Its exceptions include ectopic pregnancy and miscarriage management, which are often treated with the same techniques as abortion.
OB-GYN resident Dr. Aisvarya Panakam said the ban’s language is vague and can still impede patient care.
“It’s hard to go to work every day and realize that you’re not offering your patients the level of care that you would expect to, that you would want yourself to if you could,” Panakam said at the hearing.
Panakam is currently completing a residency in Pittsburgh after graduating from Harvard Medical School. She said she had initially hoped to return to her home state of Georgia, but worried that the state’s abortion restrictions could limit her ability to access the comprehensive level of training she would need in order to respond to patient emergencies.

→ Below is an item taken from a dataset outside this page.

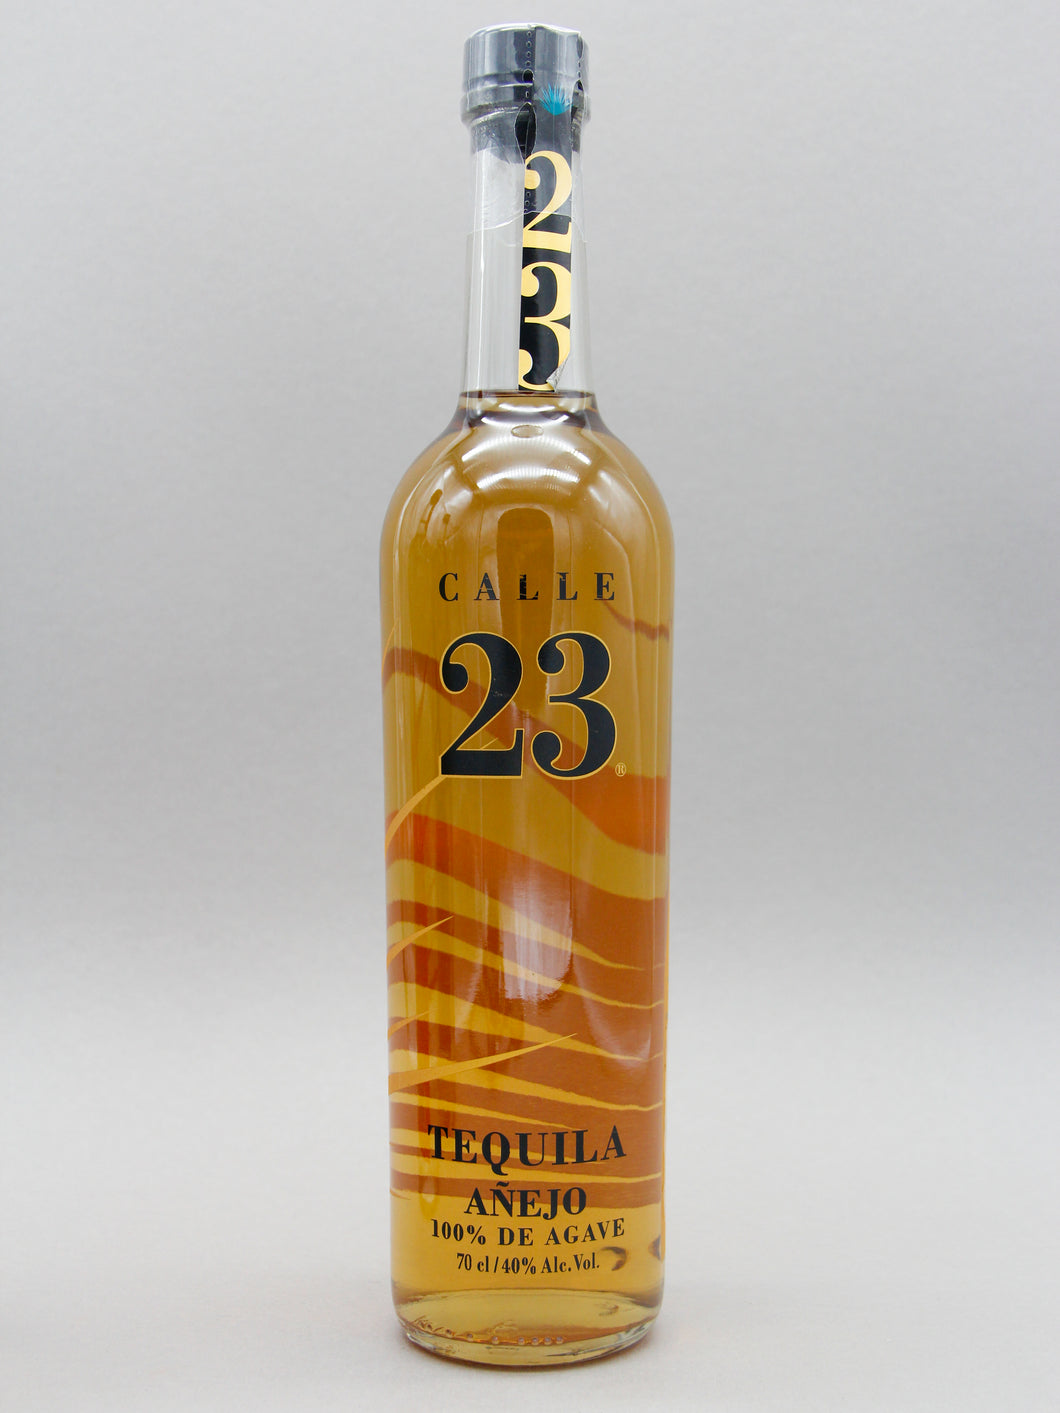 Calle 23 Anejo Tequila, 100% Agave (40%, 70cl)

According to a recent analysis from the Association of American Medical Colleges, states with abortion restrictions are experiencing a decline in applications for medical residencies since the U.S. Supreme Court Dobbs v. Jackson Women’s Health Organization decision overturning Roe v. Wade abortion protections.
The report also found the number of OB-GYN residency applications fell by 6.7% in states with abortion bans, compared to a small increase in applicants (0.4%) in states where abortion is legal.

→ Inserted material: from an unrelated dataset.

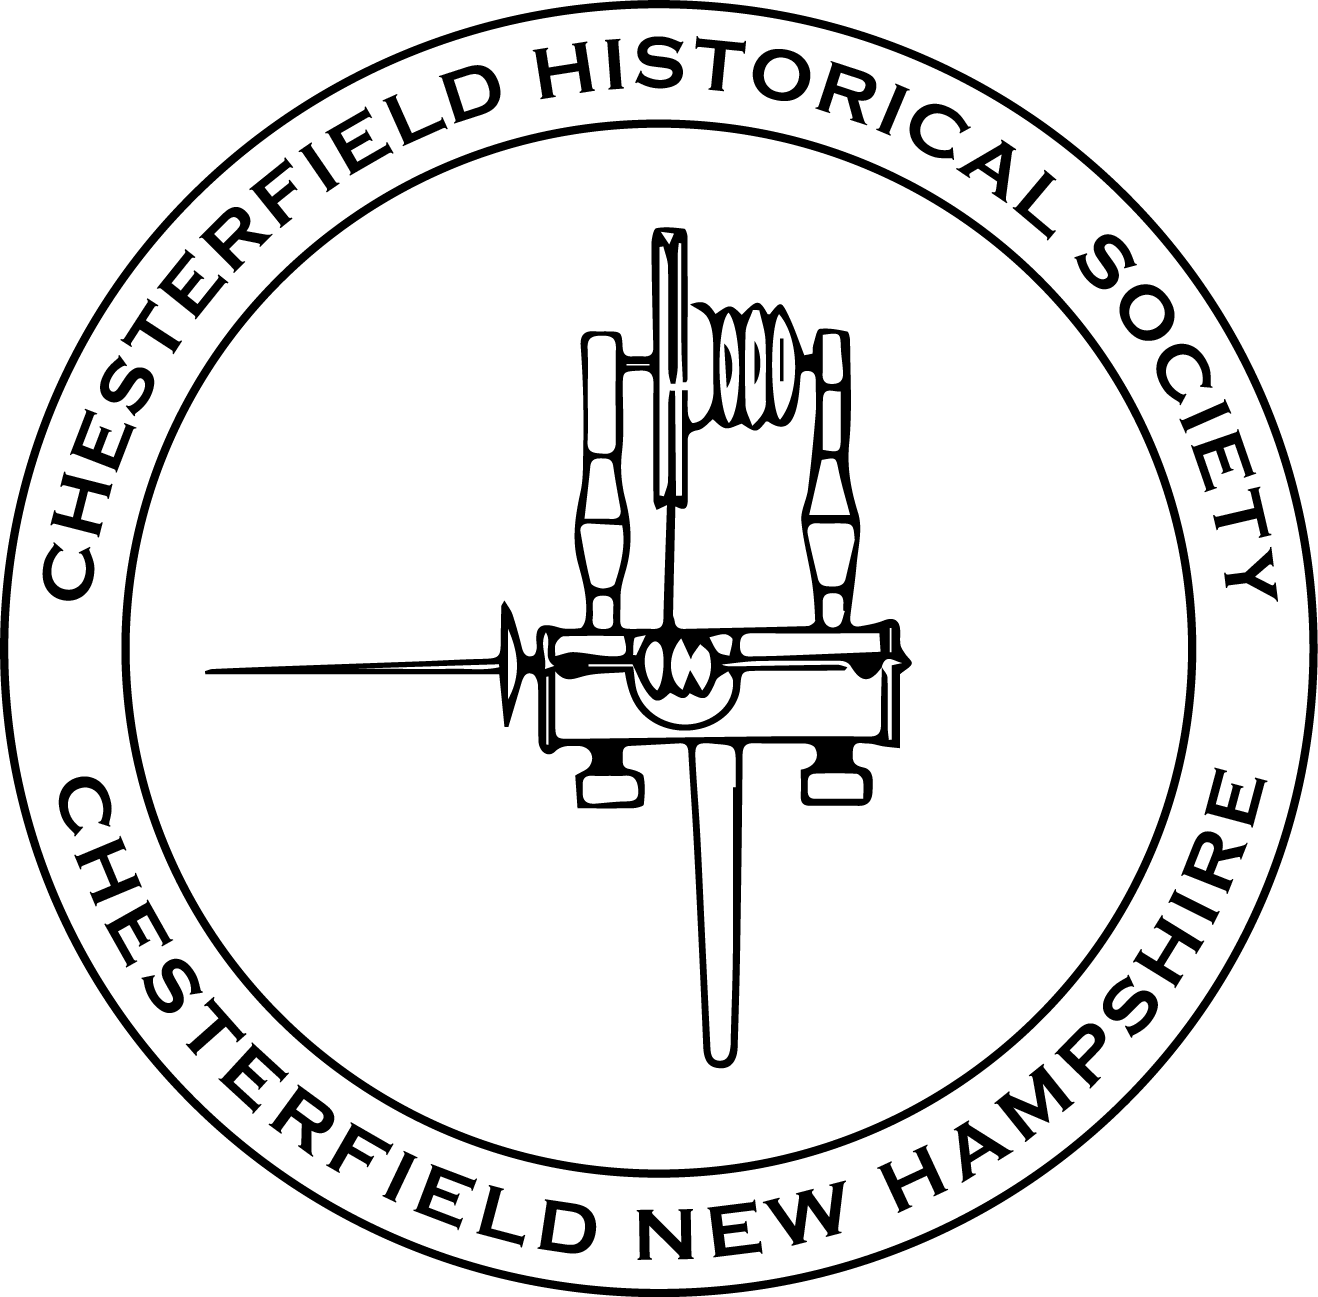 Chesterfield Historical Society - Chesterfield New Hampshire

“This is a really awkward situation where they need to receive this essential training, but they’re not legally allowed to do it in the location in which they are training,” Panakam said. “This often necessitates them applying to away rotations in other states. This is a very onerous process.”
Supporters of Georgia’s abortion limits say the law, also known as the “LIFE Act,” is not intended to impact critical pregnancy or emergency care.

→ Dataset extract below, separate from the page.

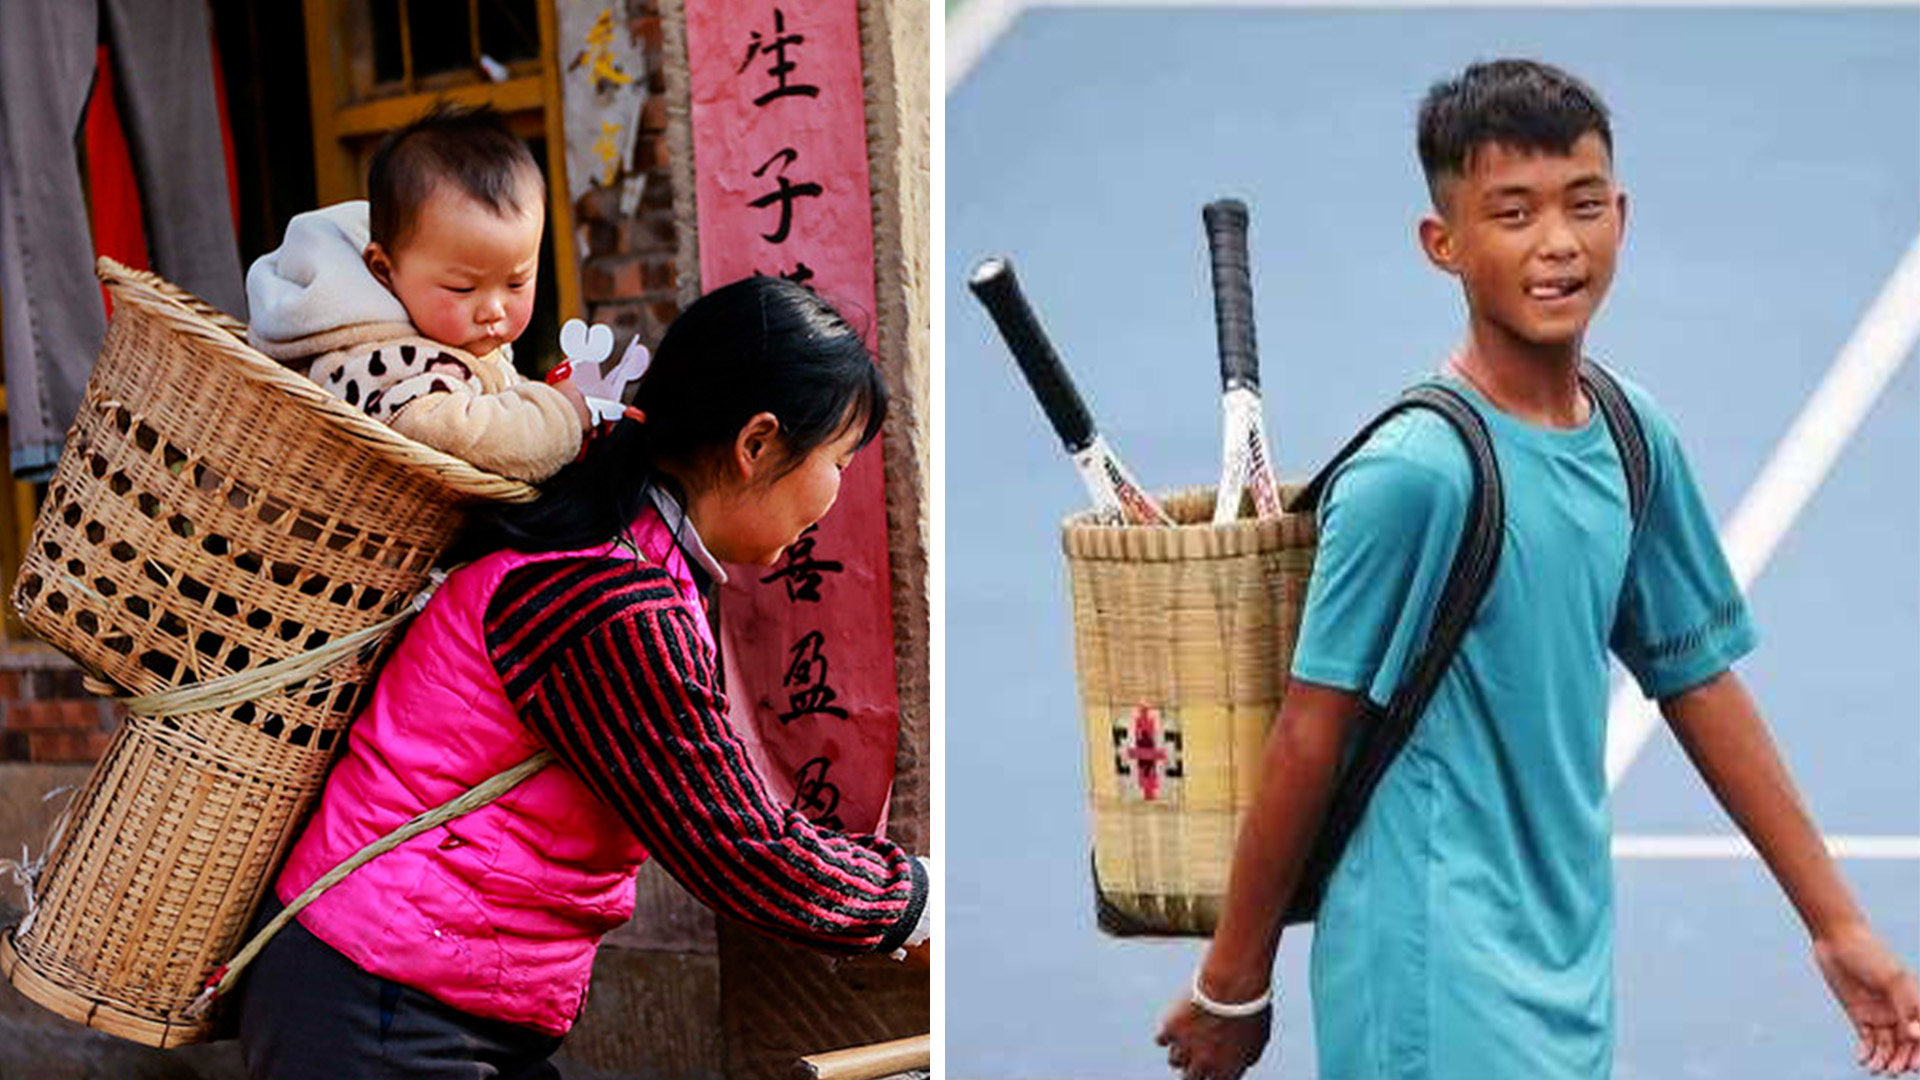 A rising teen tennis star from the Wa ethnic group who carries his racquets in a traditional bamboo basket is a social media darling in China. Photo: SCMP composite

Exceptions to the law include allowing abortion for rape or incest where there is an official police report on record, removal of an ectopic pregnancy or miscarriage tissue and for what the law terms a “medically futile” fetus.
But, said Dr. Suchitra Chandrasekaran, a maternal fetal medicine specialist and associate professor at Emory School of Medicine, the way the law is written does not correspond to the way physicians often deliver care to patients.
“So, by the time they realize they’re pregnant and now potentially found a physician who can help them, due to access, we’re delaying care to be able to intervene or make decisions,” she said. “So access is probably one of the big reasons for maternal morbidity and mortality.”
Georgia’s 2019 abortion law took effect two years ago not long after the U.S. Supreme Court decision overturning Roe.
After the Georgia Supreme Court allowed H.B. 481 to remain in effect last year, a separate lawsuit challenging the constitutionality of the law is continuing to move through Fulton County Superior Court.